Threat assessment decision: A threat assessment decision is a decision made in automatic response to a particular circumstance. For example, if a the driver of an automobile is swerving, a warning may sound in order to alert the driver that he or she may be driving recklessly. In another example, as a car gets very close to another vehicle, a warning may sound to alert the driver to avoid a potential collision. The output of the present invention is used to provide information to such systems to assist in the threat assessment decision in order to determine whether to warn the driver of potential danger. For example, if the level of driver distraction was considered to be HIGH and the confidence in the measure of distraction was MEDIUM to HIGH, the system may react more conservatively, e.g. signaling a potential collision earlier. The system may be adjusted to match various driver profiles. For example, a driver who enjoys driving aggressively could adjust the system so that activities that would normally cause the system to warn a less aggressive driver would not cause a warning for the more aggressive driver. As a result, the system can be tailored to the driving style of a particular user.
(2) Physical Aspects
The present invention has three principal “physical” aspects. The first is a system for determining operator distraction, typically in the form of a computer system operating software or in the form of a “hard-coded” instruction set. This system may be incorporated into various, devices such as a vehicular warning system, and may be coupled with a variety of sensors that provide information regarding an operator's distraction level.
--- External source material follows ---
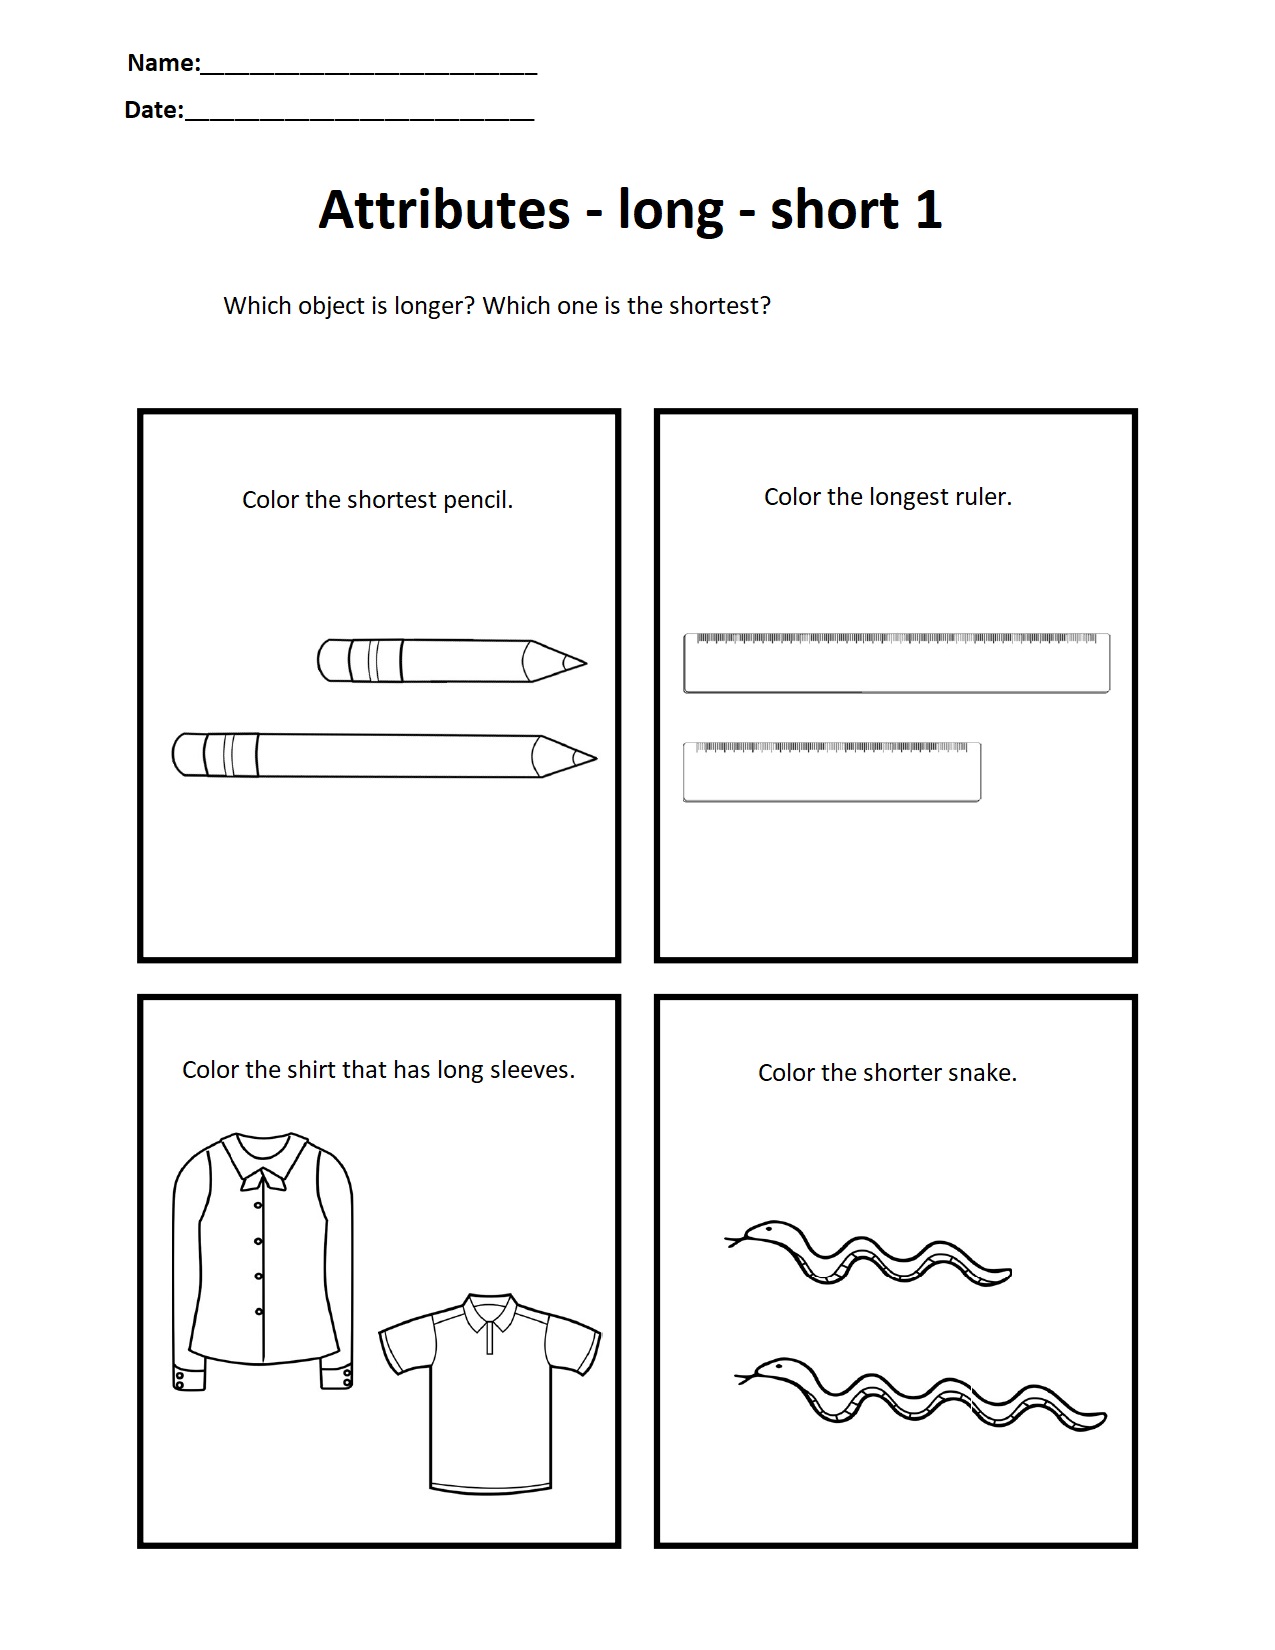 Attributes - long - short 1.jpg

The second physical aspect is a method, typically in the form of software, operated using a data processing system (computer). The third principal physical aspect is a computer program product. The computer program product generally represents computer readable code stored on a computer readable medium such as an optical storage device, e.g., a compact disc (CD) or digital versatile disc (DVD), or a magnetic storage device such as a floppy disk or magnetic tape. Other, non-limiting examples of computer readable media include hard disks, read only memory (ROM), and flash-type memories. These aspects will be described in more detail below.
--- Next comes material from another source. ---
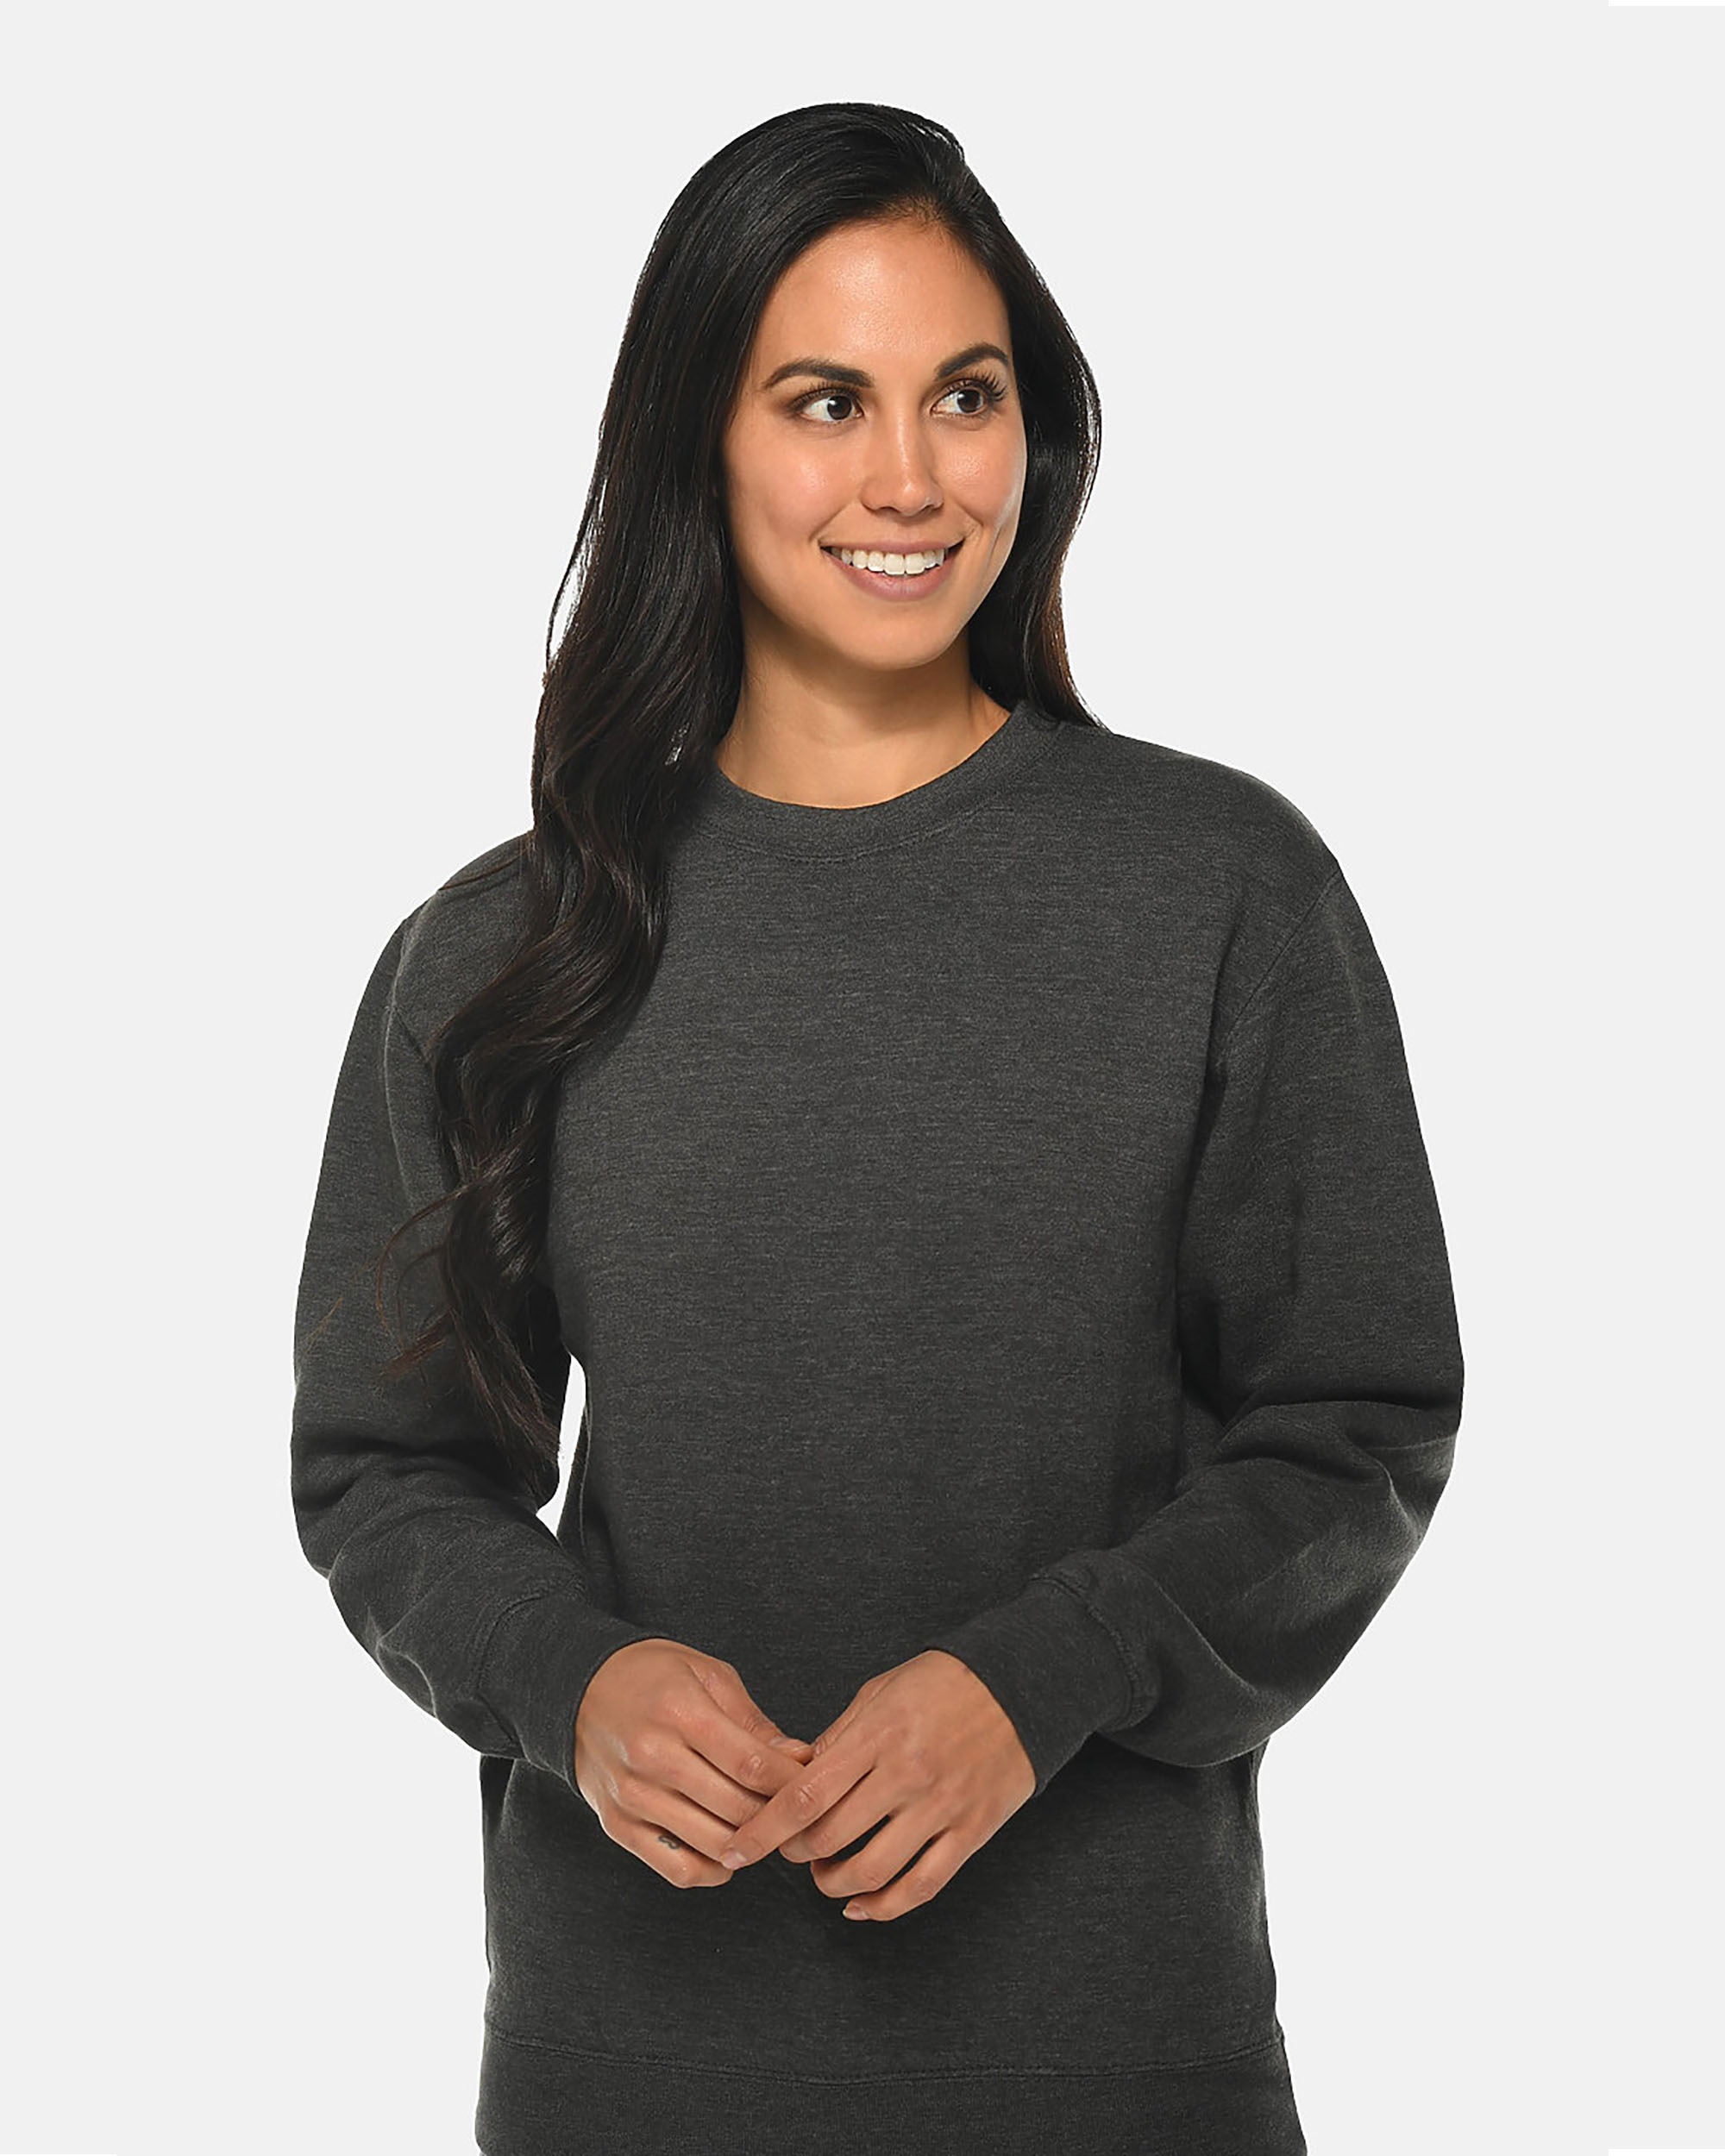 Lane Seven® LS14004 Premium Crewneck Sweatshirt, shown in Charcoal Heather

A block diagram depicting the components of a computer system used in the present invention is provided in
An illustrative diagram of a computer program product embodying the present invention is depicted in
(3) Discussion
The present invention provides a mechanism for generating an indication of operator distraction, and more particularly for measuring the level of distraction of vehicle drivers. Specifically, a technique for estimating an operator's distraction level for tasks that involve glancing away from the vehicle's forward path is presented. It may be based on fuzzy logic rules for estimating the distraction level due to pressing buttons, turning knobs, etc. Such actions are often parts of multi-action complex tasks and, as such, provide predictive information regarding near-term distraction levels. The present invention is described herein in the context of its application for drivers of motor vehicles, but a wide variety of other applications involving the measurement of human distraction by monitoring secondary activities will be readily ascertainable by one of skill in the art. With regard to the application for drivers of motor vehicles, the present invention is particularly beneficial for collision warning systems because it allows for the adjustment of a threat assessment decision.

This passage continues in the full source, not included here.